Compute PySpark DataFrame column mode?

Question

Compute PySpark DataFrame column mode?

Ultimately, I want column mode for all columns in a DataFrame. For other summary statistics, I see several options: use DataFrame aggregation or map DataFrame columns to RDD vectors (something that also occurs for me) and use colStatsfrom MLlib.
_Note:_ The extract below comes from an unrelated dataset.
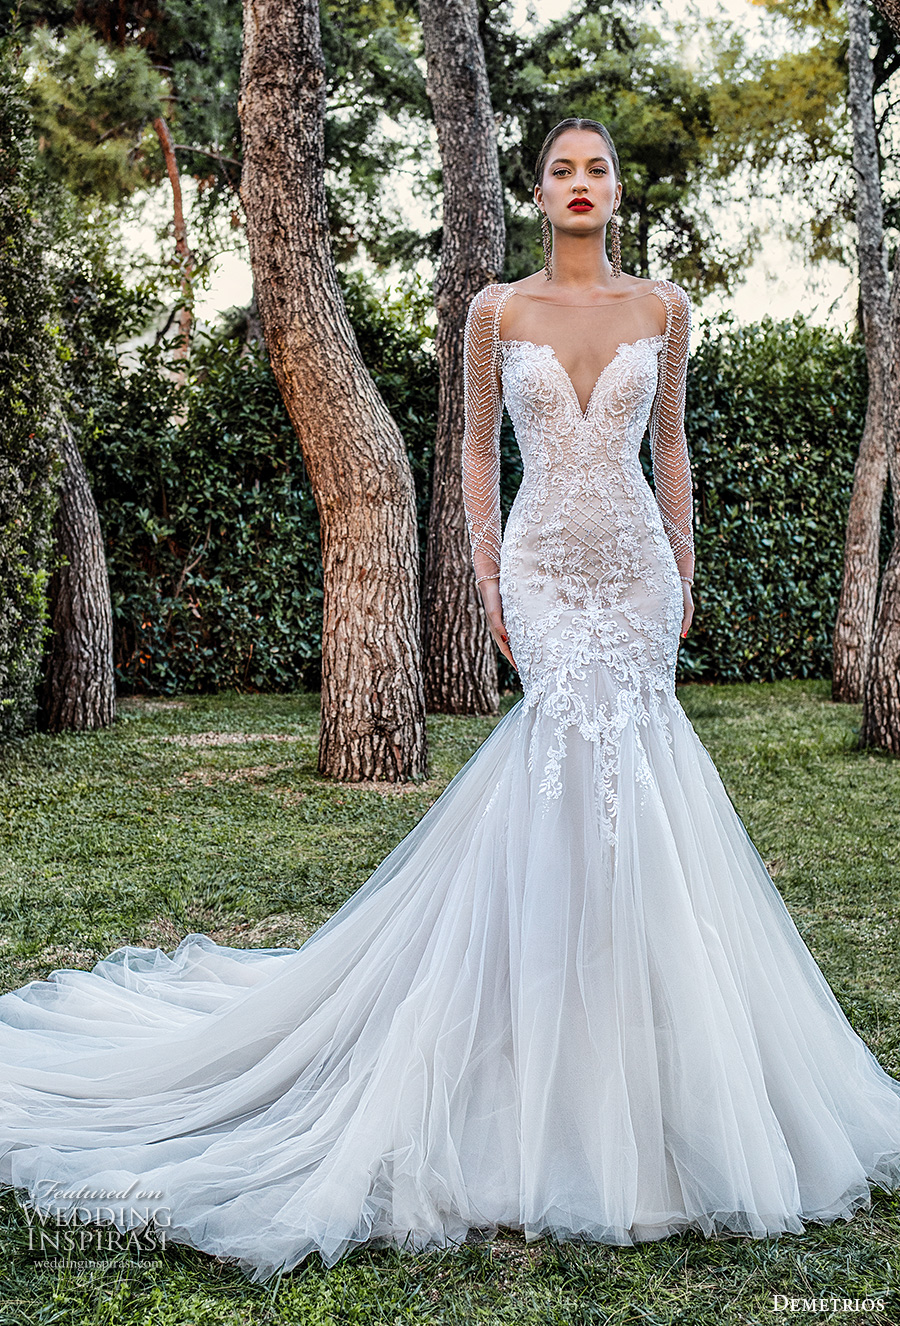 demetrios 2020 bridal long sleeves illusion bateau sweetheart neckline heavily embellished bodice elegant mermaid wedding dress sheer lace back chapel train (8) mv

But I do not see the mode as an option.

+6

python apache-spark pyspark apache-spark-sql

RKD314 Jan 05 '16 at 8:23

source share

4 answers

You can calculate the column mode using Java code as follows:

            case MODE:
                Dataset<Row> cnts = ds.groupBy(column).count();
                Dataset<Row> dsMode = cnts.join(
                        cnts.agg(functions.max("count").alias("max_")),
                        functions.col("count").equalTo(functions.col("max_")
                        ));
                Dataset<Row> mode = dsMode.limit(1).select(column);
                replaceValue = ((GenericRowWithSchema) mode.first()).values()[0];
                ds = replaceWithValue(ds, column, replaceValue);
                break;

private static Dataset<Row> replaceWithValue(Dataset<Row> ds, String column, Object replaceValue) {
    return ds.withColumn(column,
            functions.coalesce(functions.col(column), functions.lit(replaceValue)));
}

0

geosmart Mar 30 '18 at 9:03

source share

>>> df=newdata.groupBy('columnName').count()
>>> mode = df.orderBy(df['count'].desc()).collect()[0][0]

See My result

>>> newdata.groupBy('var210').count().show()
+------+-----+
|var210|count|
+------+-----+
|  3av_|   64|
|  7A3j|  509|
|  g5HH| 1489|
|  oT7d|  109|
|  DM_V|  149|
|  uKAI|44883|
+------+-----+

# store the above result in df
>>> df=newdata.groupBy('var210').count()
>>> df.orderBy(df['count'].desc()).collect()
[Row(var210='uKAI', count=44883),
Row(var210='g5HH', count=1489),
Row(var210='7A3j', count=509),
Row(var210='DM_V', count=149),
Row(var210='oT7d', count=109),
Row(var210='3av_', count=64)]

# get the first value using collect()
>>> mode = df.orderBy(df['count'].desc()).collect()[0][0]
>>> mode
'uKAI'

groupBy(), . df - var210, count. orderBy() count 1- . collect() [0] [0] 1

0

vamsi krishna 10 '18 7:23

"col" spark df:

df.groupby("col"). count(). orderBy ("count", ascending = False).first() [0]

df :

[df.groupby(i).count(). orderBy ("count", ascending = False).first() [0] i df.columns]

, , , 2D-:

[[i, df.groupby(i).count(). orderBy ("count", ascending = False).first() [0]] i df.columns]

0

Tesia 08 . '19 3:00

zero323 · Accepted Answer · 2016-01-05T08:54:59+0000

The problem with the mode is almost the same as with the environment. Although it is easy to calculate, the calculation is quite expensive. This can be done either using sorting, followed by local and global aggregations, or using only one word-word and filter:

import numpy as np
np.random.seed(1)

df = sc.parallelize([
    (int(x), ) for x in np.random.randint(50, size=10000)
]).toDF(["x"])

cnts = df.groupBy("x").count()
mode = cnts.join(
    cnts.agg(max("count").alias("max_")), col("count") == col("max_")
).limit(1).select("x")
mode.first()[0]
## 0

In either case, a complete shuffle may be required for each column.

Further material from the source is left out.